In high school, teachers are left with two years to fill after the final state assessment. Subject matter originally intended for those years is tested before it is ever taught.
The competing sets of guidelines, together with the state-mandated assessment schedule, give Columbia schools some hard choices and, Litherland said: "Local control is costing us more of our education dollars."
Curriculum development has been an ongoing process far longer than government standards have been in place. "We have been changing the science curriculum for 14 years," Litherland said.
It's only in the past two years that she has been working with the national standards to create a Columbia curriculum unique to the district.
Gentry Middle School teacher Laura Jackson helped design the national standards for K-12 science education. Litherland said there is "a real sense of pride" with the local connection, and the local district tends to favor that system over the others.
The national standards, she said, are the result of years of hard work by some of the nation's best science educators and their recommendations make sense to her when others do not.

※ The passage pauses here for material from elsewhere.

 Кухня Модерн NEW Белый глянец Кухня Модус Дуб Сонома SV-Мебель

Teachers are, on their own, doing very good assessment of student performance. They have left behind the multiple-choice tests used for years, but the district's teachers are stuck. They want to teach well. They also want students to do well on tests which adhere to the state standards.

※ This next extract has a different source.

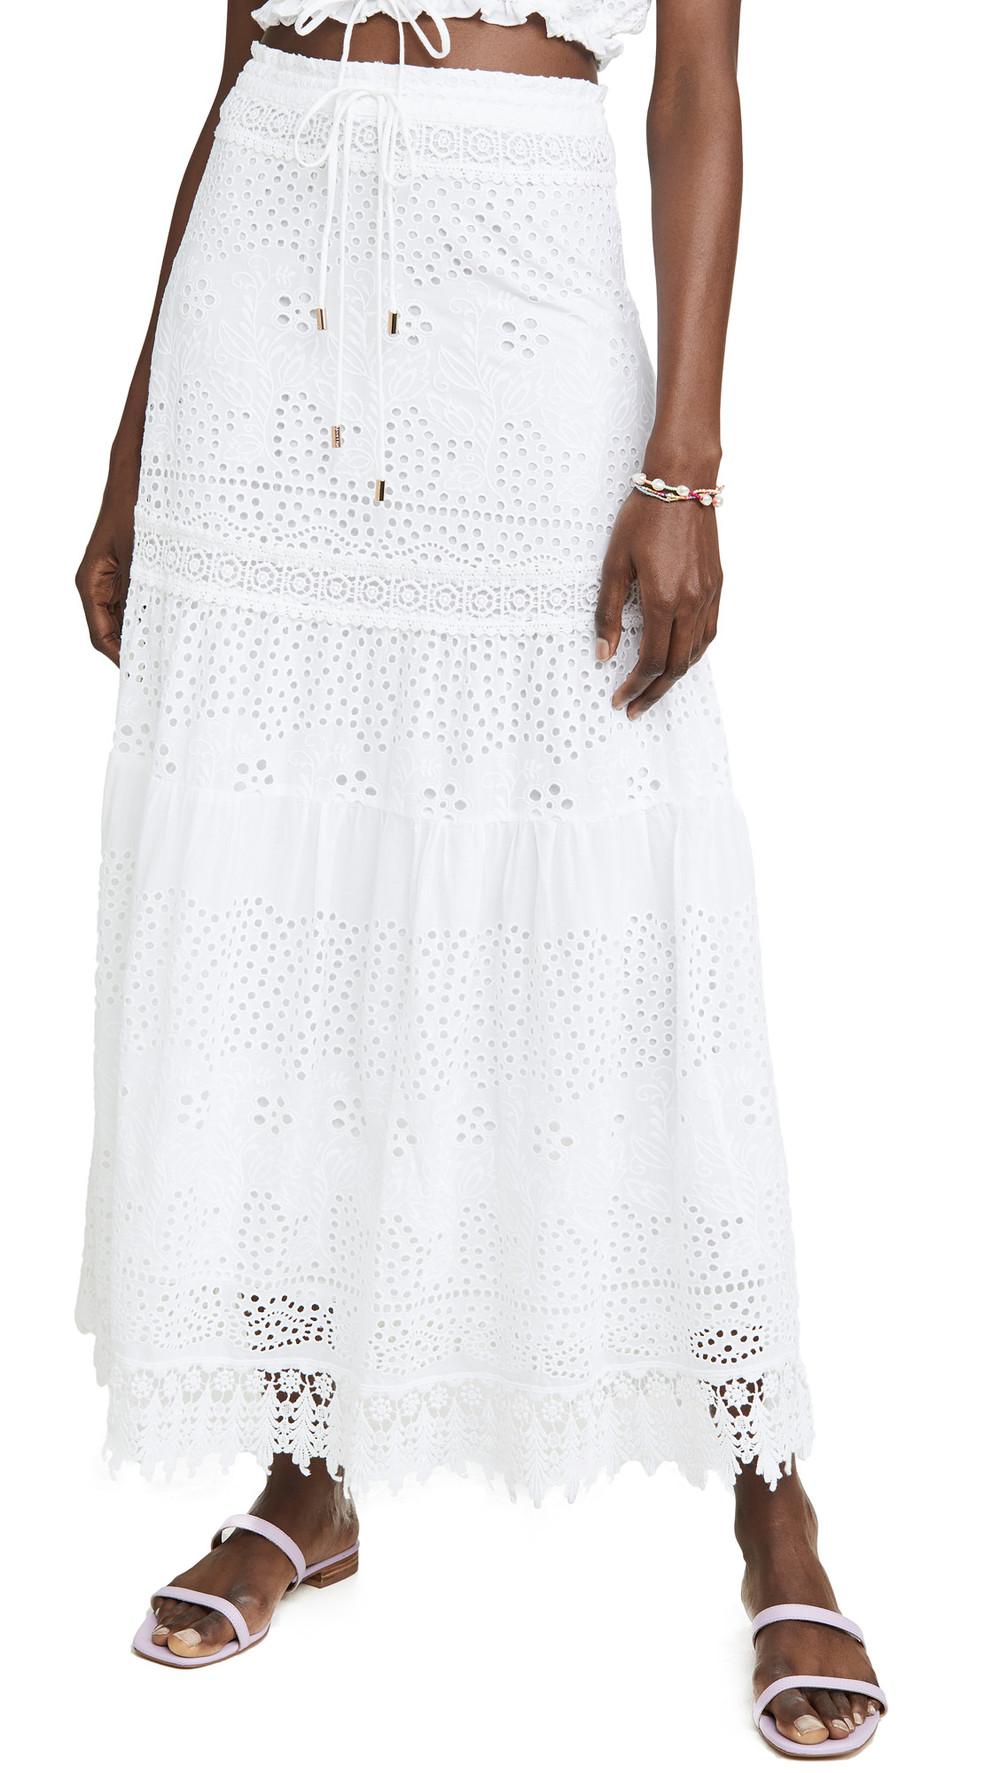 Melissa Odabash Alessia Skirt in white

"It's hard to sell at the local level," Litherland said. "You're sitting there with a bunch of teachers and they say, 'Give me what's going to be on the test.'"

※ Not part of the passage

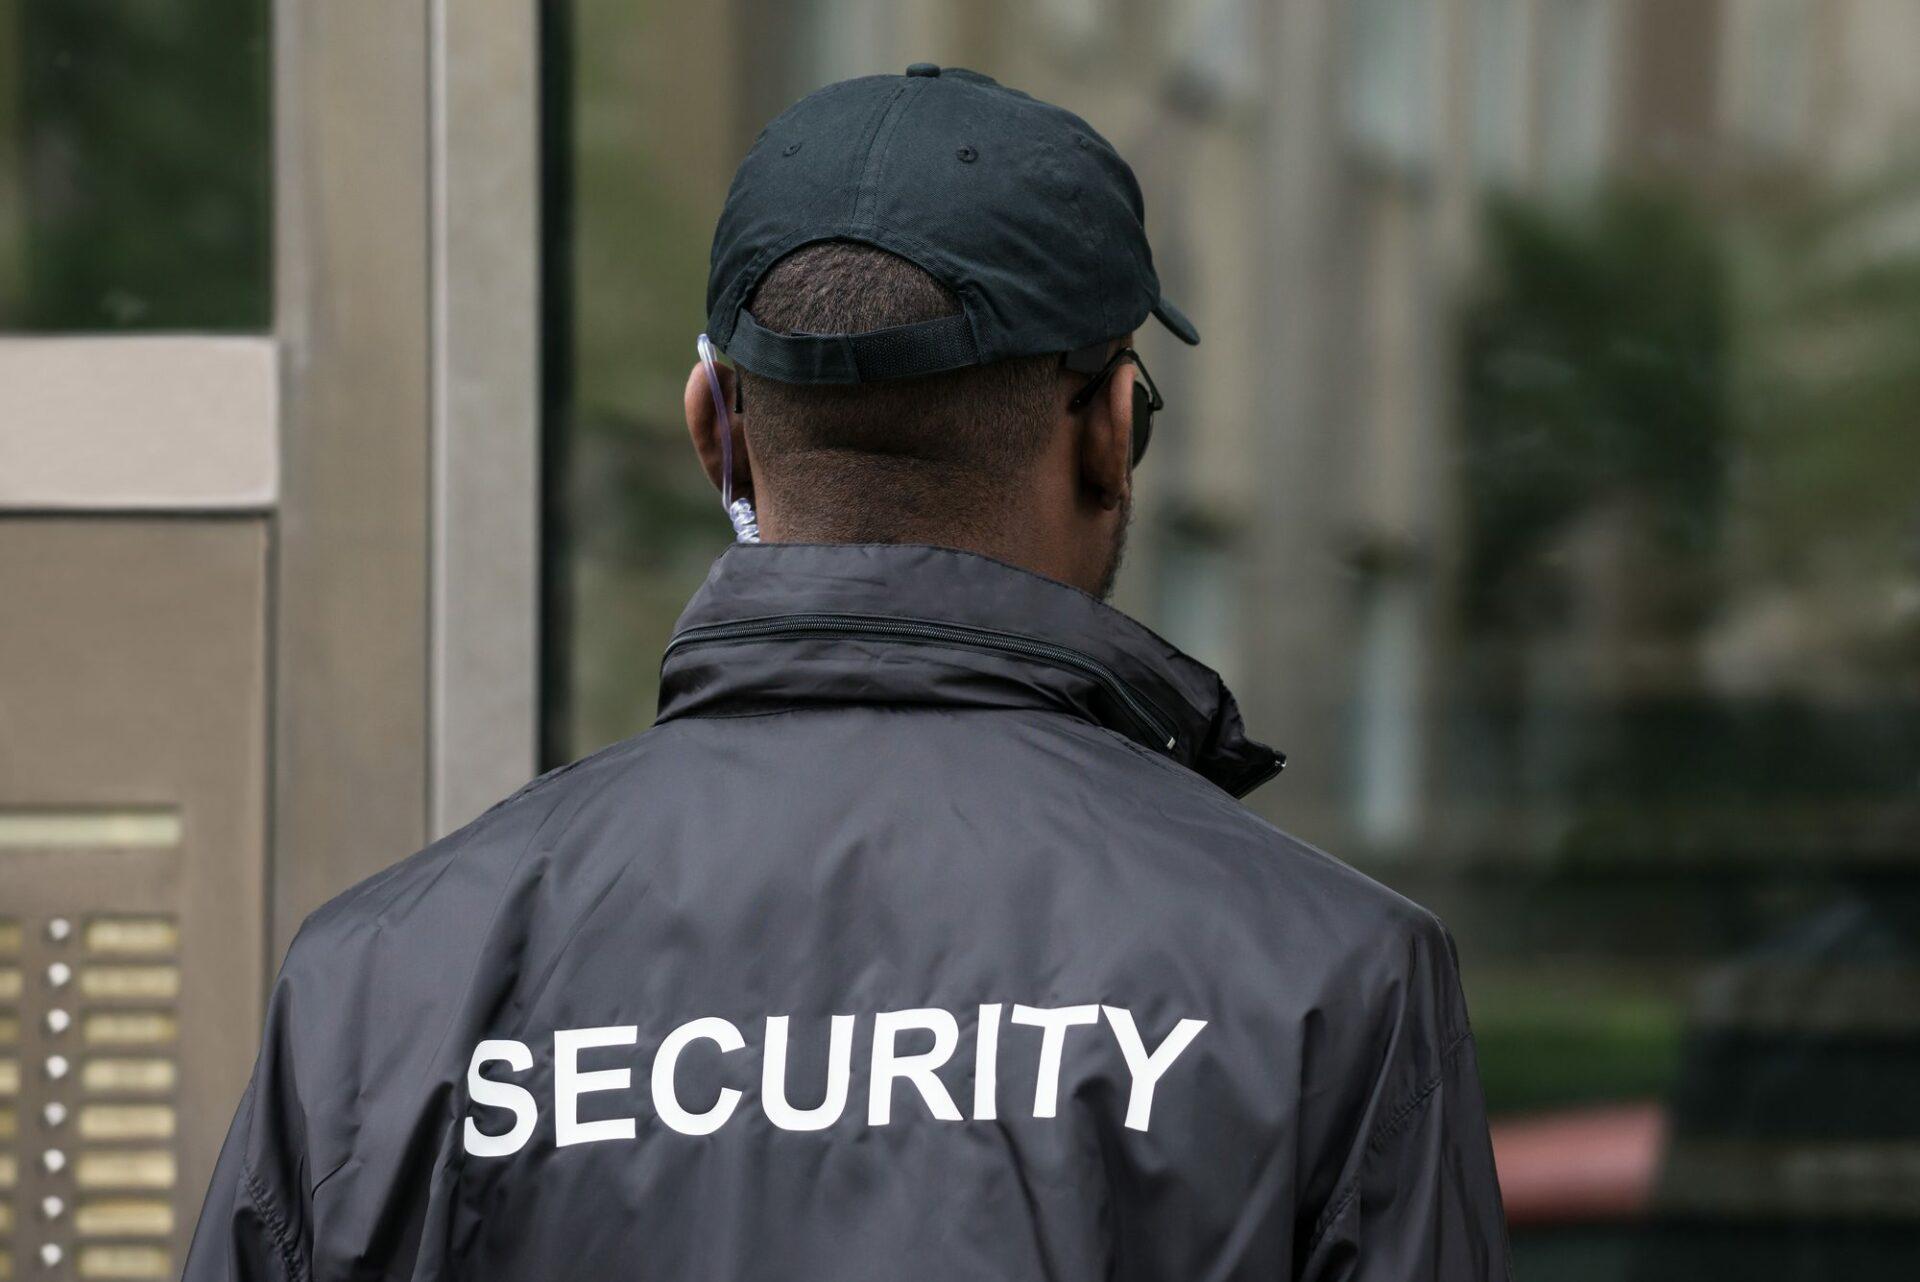 Motorola Security Radios Form the Cornerstone of Security Operations

One particular national standard of importance to Litherland is "science as inquiry." It used to be called "designing and doing experiments." In Columbia, these experiments are integrated into classes where possible, giving students experience in exploring science for themselves.
A big difference now is the concept of the science fair. In the past, a student may have been told to do a science fair project without much additional help. Now students learn how to think about experiments, how to build them and how to interpret results. It's working. Columbia schools win Missouri Science Olympiad awards year after year.
Although Litherland said she believes standards renew the commitment to teaching excellence, she said she fears that the state testing system asks too much of students too early. She said she isn't happy with the current timetable.
When the state was planning education schedules, Litherland and other science educators asked the department of education to schedule science testing in fourth, eighth and 11th grades.
As all of the state's standards and assessment guidelines are developed, there will be too many tests to have all of them in any one year. The state decided to split testing between third and fourth grades, seventh and eighth grades, and 10th and 11th grades.
Science testing was the second standard implemented in Missouri, which should have given it free choice in the timetable, Litherland said, yet the state decided against the educators' request.
This spring, the first state tests will be administered. Litherland is hopeful but not optimistic. "I think our scores are probably going to be pretty poor," she said. "Our kids aren't going to do as well as I think they could because of this misalignment."
She explained the scores do not measure the quality of science education in Columbia, but merely Columbia's adherence to the state-set curricular time table. In this world of change, though, the legislators are the only people who can help Litherland ease the transition.
The people who set the standards often have a poor grasp of early childhood education, she said. That means they don't understand how much growing and changing occurs from year to year. They don't see the trade-off in primary grades between time spent on science and on literacy education.
"I hope that we'll be able to have good test scores without sacrificing our children," she said. "I want kids to come out of our elementary schools loving science, being successful at science."